The crypto-anionic surfactants described herein are preferably formulated in combination with mixtures of lipophilic non-surfactant components which are solid or semi-solid at temperatures below 35°C but which soften and flow at automatic dryer temperatures, i.e., 50°C. to 100°C. These materials are referred to as "non-surfactant release aids" for the purposes of the present invention. These materials are not conventionally used as detergents or emulsifiers as found, for example, in McCutcheon's "Detergents and Emulsifiers" North American Edition, 1994 Annual.

The non-surfactant release aids are used in the compositions in an amount of from 0 to 75 wt.%, more preferably 15 to 60 wt%.

Suitable examples of non-surfactant release aids useful for the invention include but are not limited to:

i) Carboxylic acids having 8 to 30 carbon atoms and one carboxylic group per molecule. The alkyl portion has 8 to 30, for example 8 to 28, preferably 12 to 22 carbon atoms. The alkyl portion may be linear or branched, saturated or unsaturated, with linear saturated alkyl preferred. A preferred fatty acid for use in the composition herein includes stearic acid containing from 30 to 60 percent palmitic acid and from 40 to 70% stearic acid. A commercial example is supplied under the Emersol^(R) series by Henkel.

ii) Fatty acid esters of, e.g., hydroxy, (including polyhydroxy), alcohols, including glycerine, etc., and/or fatty alcohol esters of carboxylic acids. Useful glycerol and polyglycerol esters include monoesters with stearic, oleic, palmitic, lauric, isostearic, myristic, and/or behenic acids and the diesters of stearic, oleic, palmitic, lauric, isostearic, behenic, and/or myristic acids. It is understood that the typical mono-ester contains some di- and tri-ester, etc. Fatty acid esters of monohydric alcohols are also understood to include fatty acid ester mixtures of different composition, including for example the carnauba wax obtainable from the leaves of the Brazilian fan palm Copernica prunivera, the candelilla wax obtained from the leaves of Euphorbiacease, jojoba oil and natural or synthetic beeswax.

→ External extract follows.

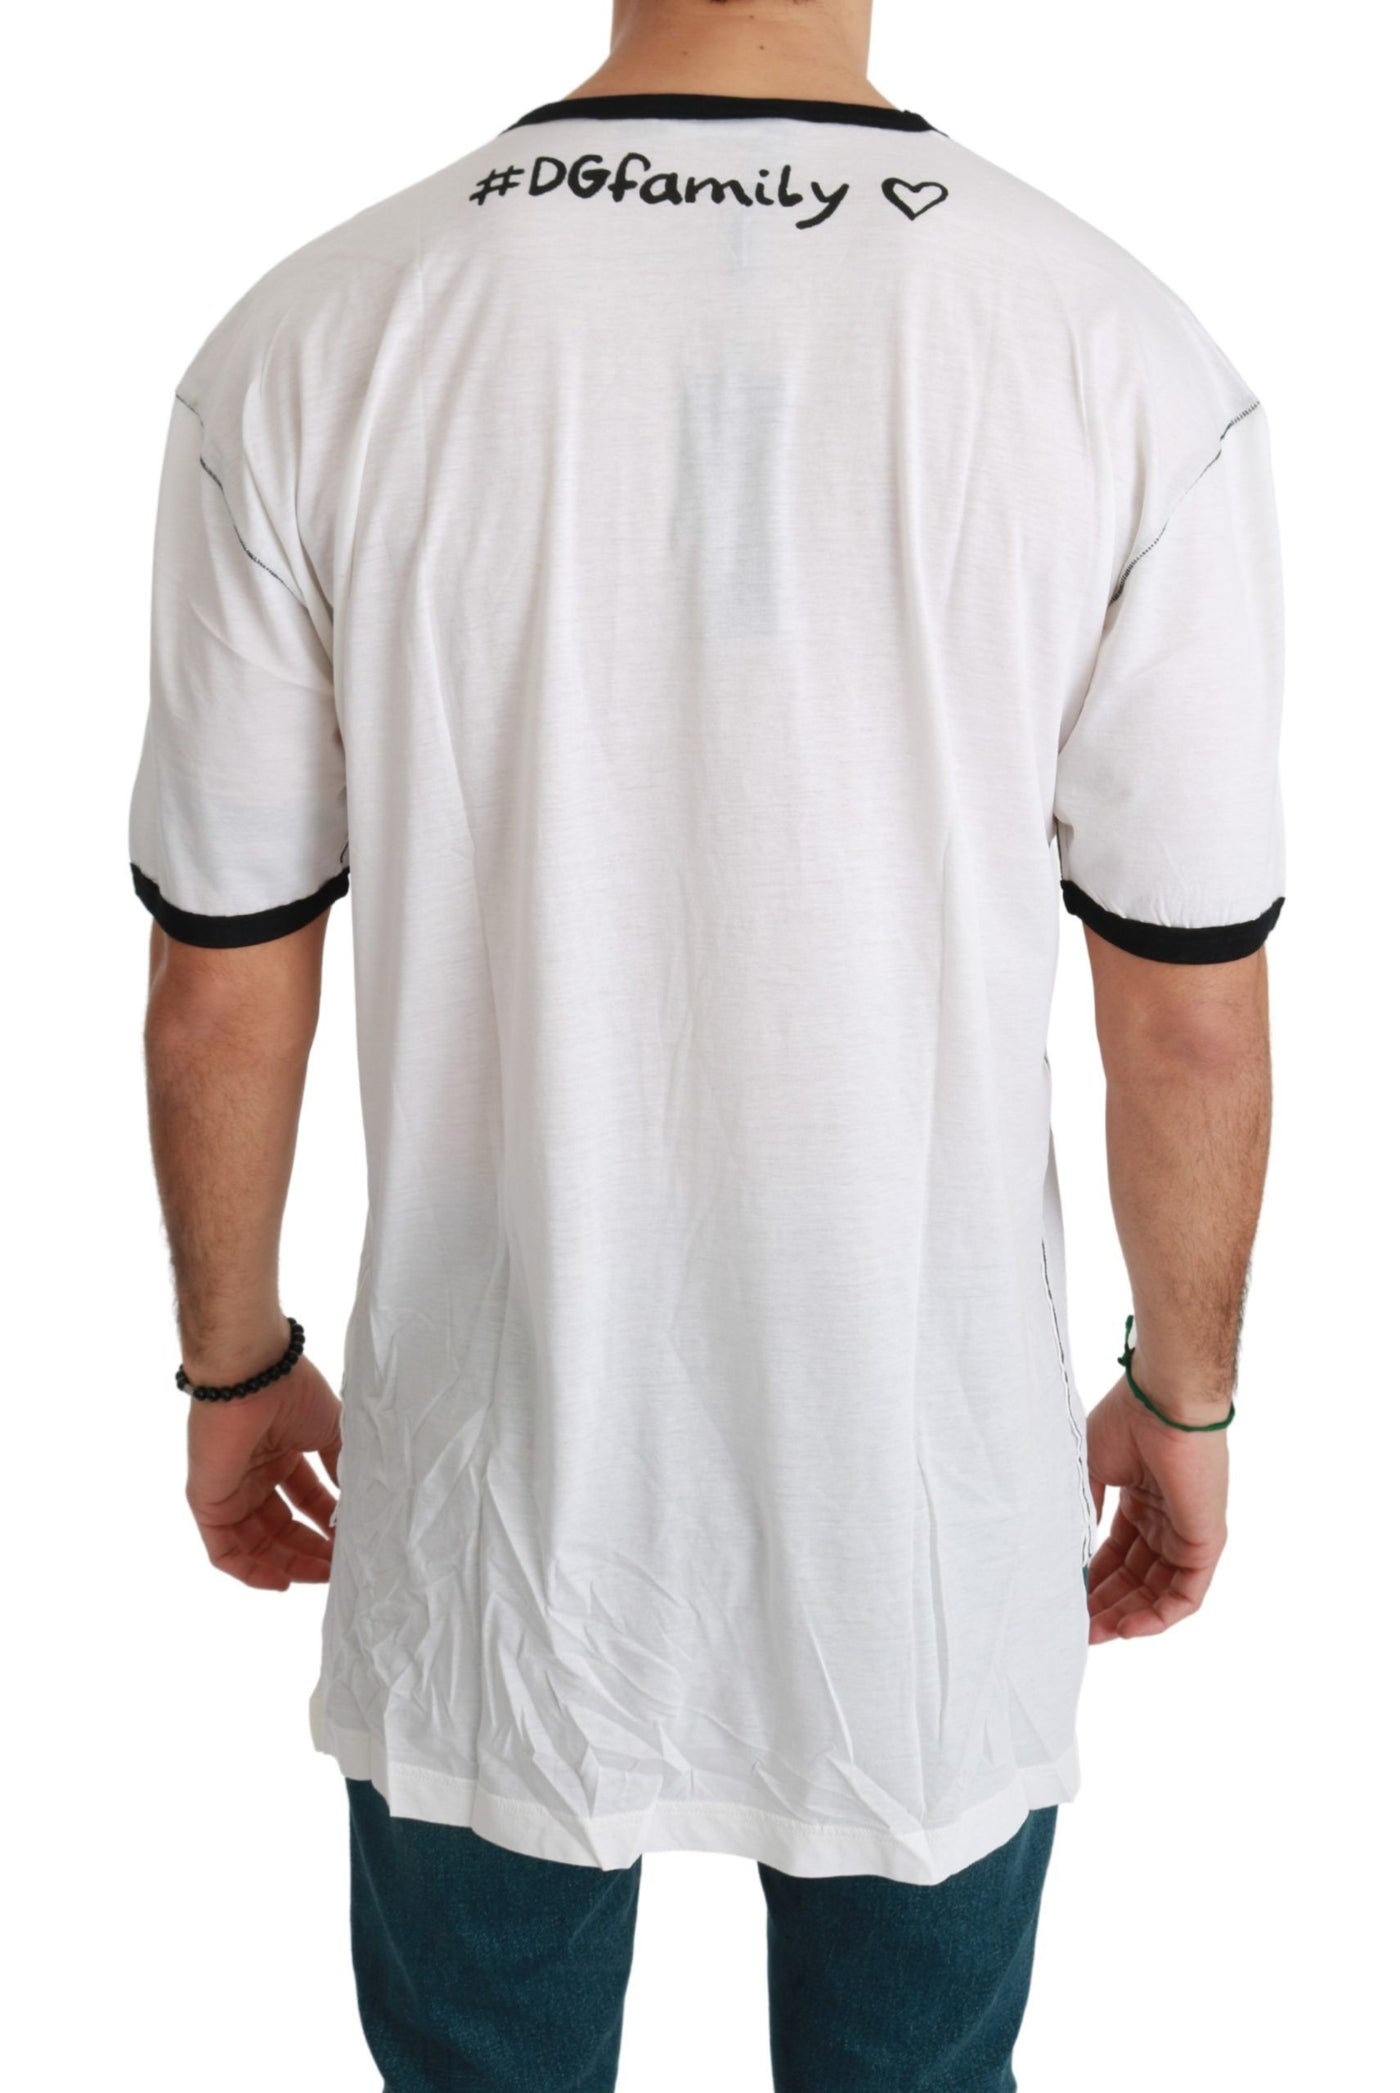 Dolce & Gabbana White Men Print #dgfamily Cotton T-shirt

iii) Fatty alcohols having 10 to 20 carbon atoms per molecule. The alkyl portion may be linear or branched, saturated or unsaturated, with linear saturated alkyl preferred. Especially preferred alcohols herein fall within the tallowalkyl range. A commercial example of a preferred fatty alcohol is Hydrenol D (linear saturated C₁₆-C₁₈ alcohols), supplied by Henkel Corp.

iv) Glyceride mixtures, including mono-, di- and tri-glycerides and mixtures thereof. Glyceride mixtures of the type useful herein can be more conveniently prepared from natural or synthetic triglycerides by means of a trans-esterification reaction employing glycerine and a base. Such trans-esterification reactions take place in processes well-known in the art to provide random mixtures of mono-, di- and triglycerides. Preferred precursor materials for the glyceride mixtures herein include lard, winterized lard, tallow, hydrogenated (hardened) tallow, hydrogenated (hardened) soybean oil, and hydrogenated (hardened) peanut oil. Any of these materials can be trans-esterified in the presence of glycerine and base in processes conventionally used in the art to provide the glyceride mixtures useful herein.

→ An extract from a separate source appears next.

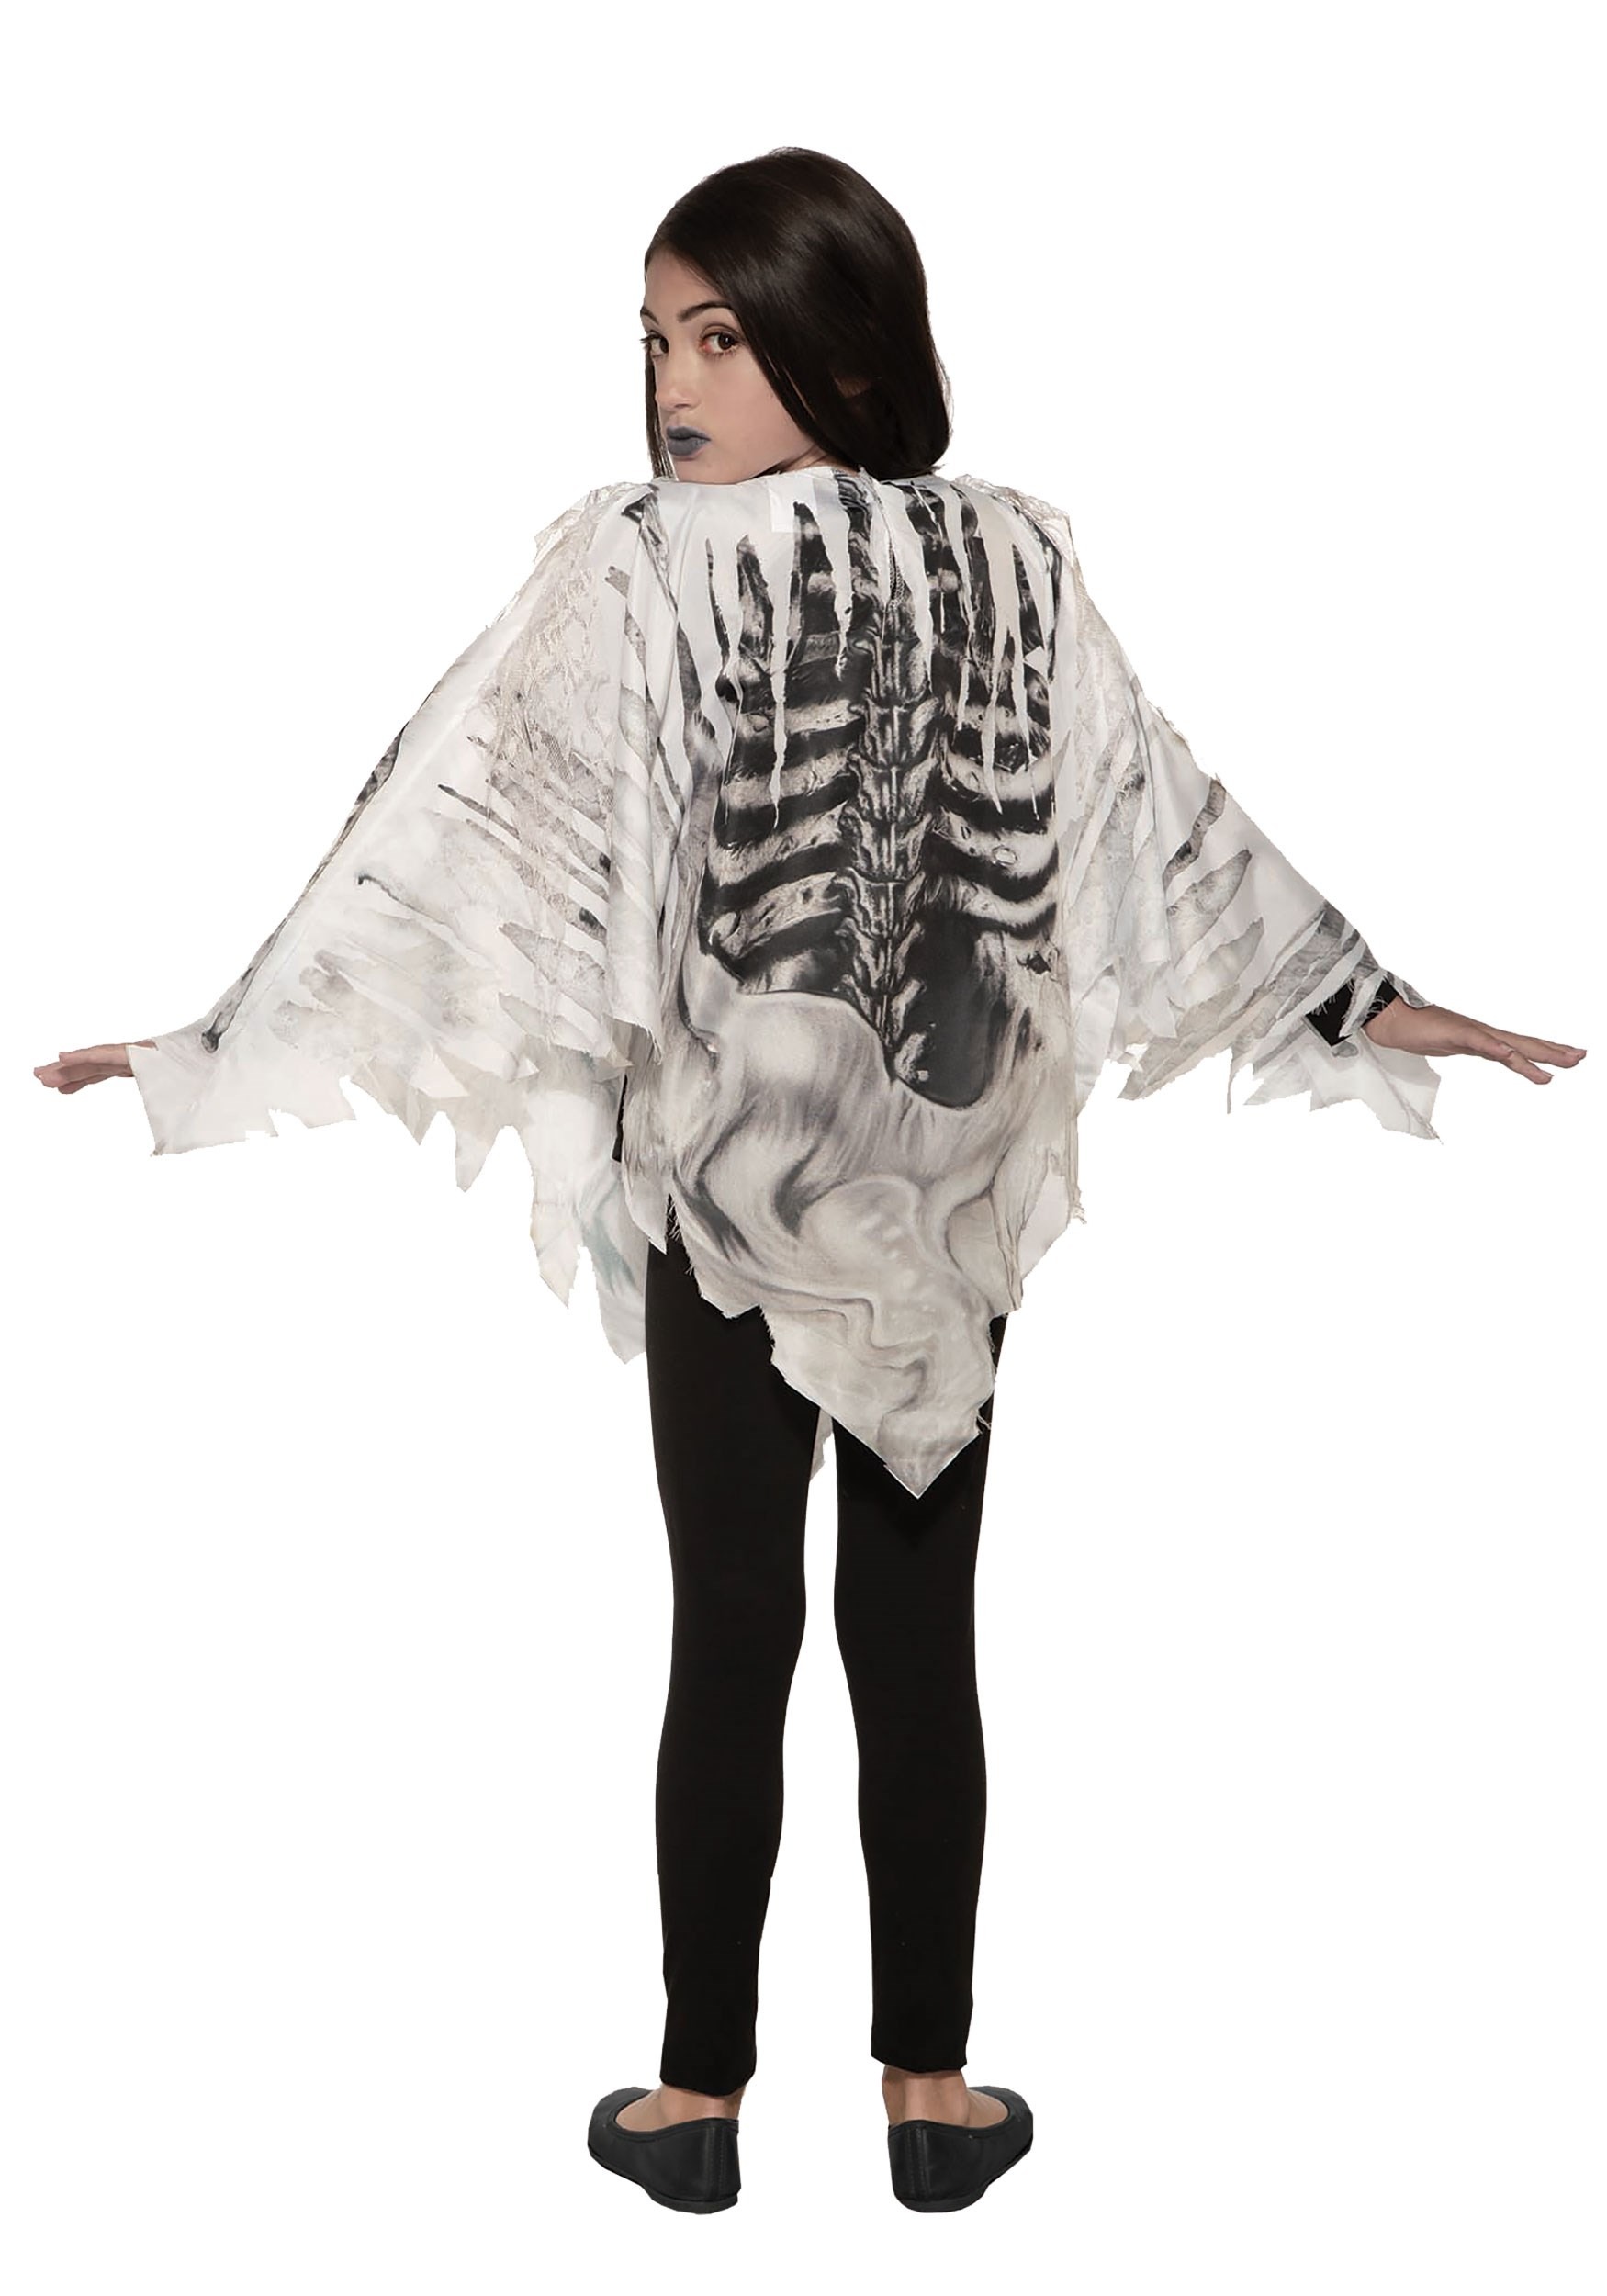 Tattered Skeleton Girl's Poncho Costume

v) Synthetic waxes such as paraffin wax are also useful. A paraffin wax is a petroleum wax consisting principally of normal alkanes. Paraffin, microcrystalline, and semicrystalline waxes may be differentiated using the refractive index of the wax and its congealing point as determined by ASTM D938 (36). Semimicrocrystalline and microcrystalline waxes are petroleum waxes containing substantial proportions of hydrocarbons other than normal alkanes. Paraffin wax is macrocrystalline, brittle, and it is composed of 40-90 wt.% normal paraffins and the remainder is C₁₈-C₃₆ isoalkanes and cycloalkanes.

Preferred materials include the C₁₀-C₂₂ fatty acids and C₁₀-C₂₀ fatty alcohols.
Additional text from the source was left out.